Now I am with my co-authors a lot of the way. Except, as regular readers know, I would impose my belief that null hypothesis significance testing be banished forevermore. Just as the “There is some good in p-values if properly used” folks would impose their belief that there is some good in p-values. Which there is not.

Another matter is “effect size”, which almost always means a statement about a point estimate of a parameter inside an ad hoc model. These are not plain-English effect sizes, which implies causality. How much effect x has on y. But statistical models can’t tell you that. They can, when used in a predictive sense, say how much the uncertainty of y changes when x does. So “effect size” is, or should, be thought of in an entirely probabilistic way.

The conclusion we can all agree with:

It seems appropriate to conclude with the basic issue that has been with us from the beginning. Should p-values and p-value thresholds, or any other statistical tool, be used as the main criterion for making publication decisions, or decisions on accepting or rejecting hypotheses? The mere fact that researchers are concerned with replication, however it is conceptualized, indicates an appreciation that single studies are rarely definitive and rarely justify a final decision. When evaluating the strength of the evidence, sophisticated researchers consider, in an admittedly subjective way, theoretical considerations such as scope, explanatory breadth, and predictive power; the worth of the auxiliary assumptions connecting nonobservational terms in theories to observational terms in empirical hypotheses; the strength of the experimental design; and implications for applications. To boil all this down to a binary decision based on a p-value threshold of 0.05, 0.01, 0.005, or anything else, is not acceptable.

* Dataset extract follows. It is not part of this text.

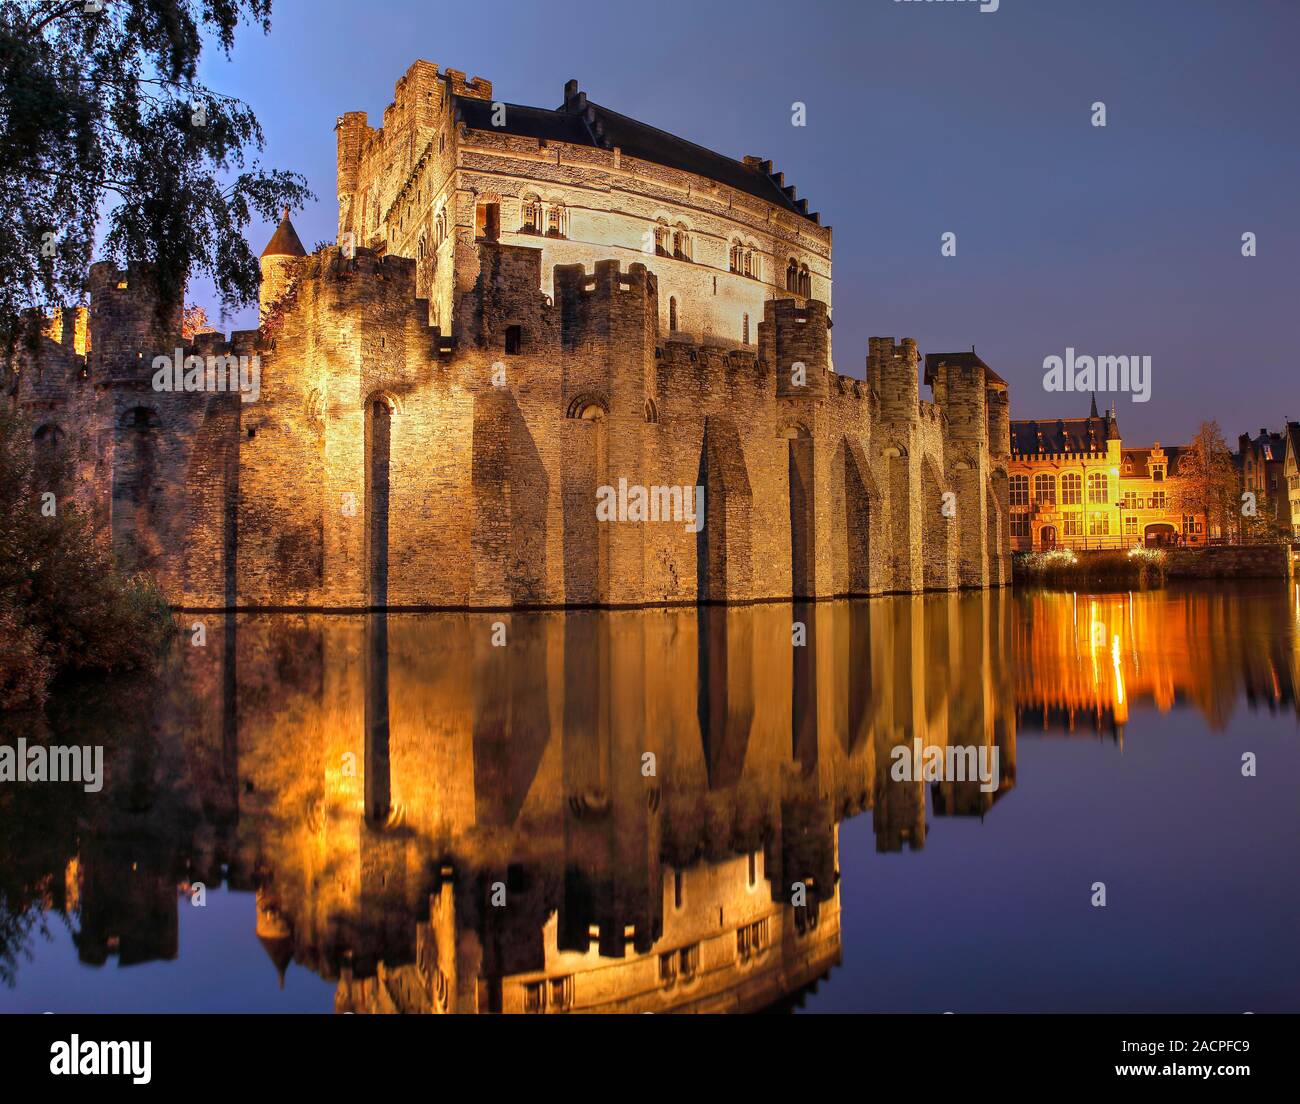 Château Gravensteen illuminée au crépuscule avec de l'eau reflet, château à douves, Gand, Flandre orientale, Belgique Banque D'Images

Bonus Disguising p-values as “magnitude-based inference” won’t help, either, as this amusing story details. Gist: some guys tout massaged p-values as innovation, are exposed as silly frauds, and cry victim, a cry which convinces some.

Moral: The best probability is probability, and not some ad hoc conflation of probability with decision, which is what all “hypothesis tests” are.

3 thoughts on “Manipulating the Alpha Level Cannot Cure Significance Testing Leave a comment

  1. I am one (and a minor one) of the—Count ’em!—fifty-eight authors.

    Yeah, but number nine in the list is so not so bad if ranking means anything.

    Or do we allow the possibility of error? And, if we do, if we are allowed to question this article, are we not allowed to question every article?

    And if we question every article, is that not an indictment of all peer review? And if we question all peer review, is that not a severe criticism of the whole scientific publishing enterprise? And if we condemn scientific publishing, is that not a condemnation of all Science. Well, sir, I am not going to let you condemn all of Science! 😉

  2. First, I got my laugh of the day with the comment about how to cure significance testing!

    I’m pleased to see this was published in a psych journal. Psychologists just love that p value. Makes everything so sciency. Hopefully, a few medical researchers will also see it. I have a distinct dislike for what the p value has done to science and how it has elevated pseudoscience. When so many things that were “significant” in test A turn out to be not so significant when the study is replicated, researchers should have wondered. Instead, they just stopped duplicating studies. I really miss science and reality sometimes…..

    Great paper.

  3. Medical people, particularly the actual practitioners of the art, have long been aware of the limits and misuse of p-values. Some 3 decades ago, they started formally incorporating Bayesian inference. As Briggs says, even that has limits.

    The practicing medico has to make decisions and the person the practicing medico is advising has to make decisions and both are doing such under uncertainty. Unfortunately, the legal people didn’t get the memo. Let’s not bring up jury people, at least in the USA. Let me say that having been called for jury duty and gone through voir dire left me speechless.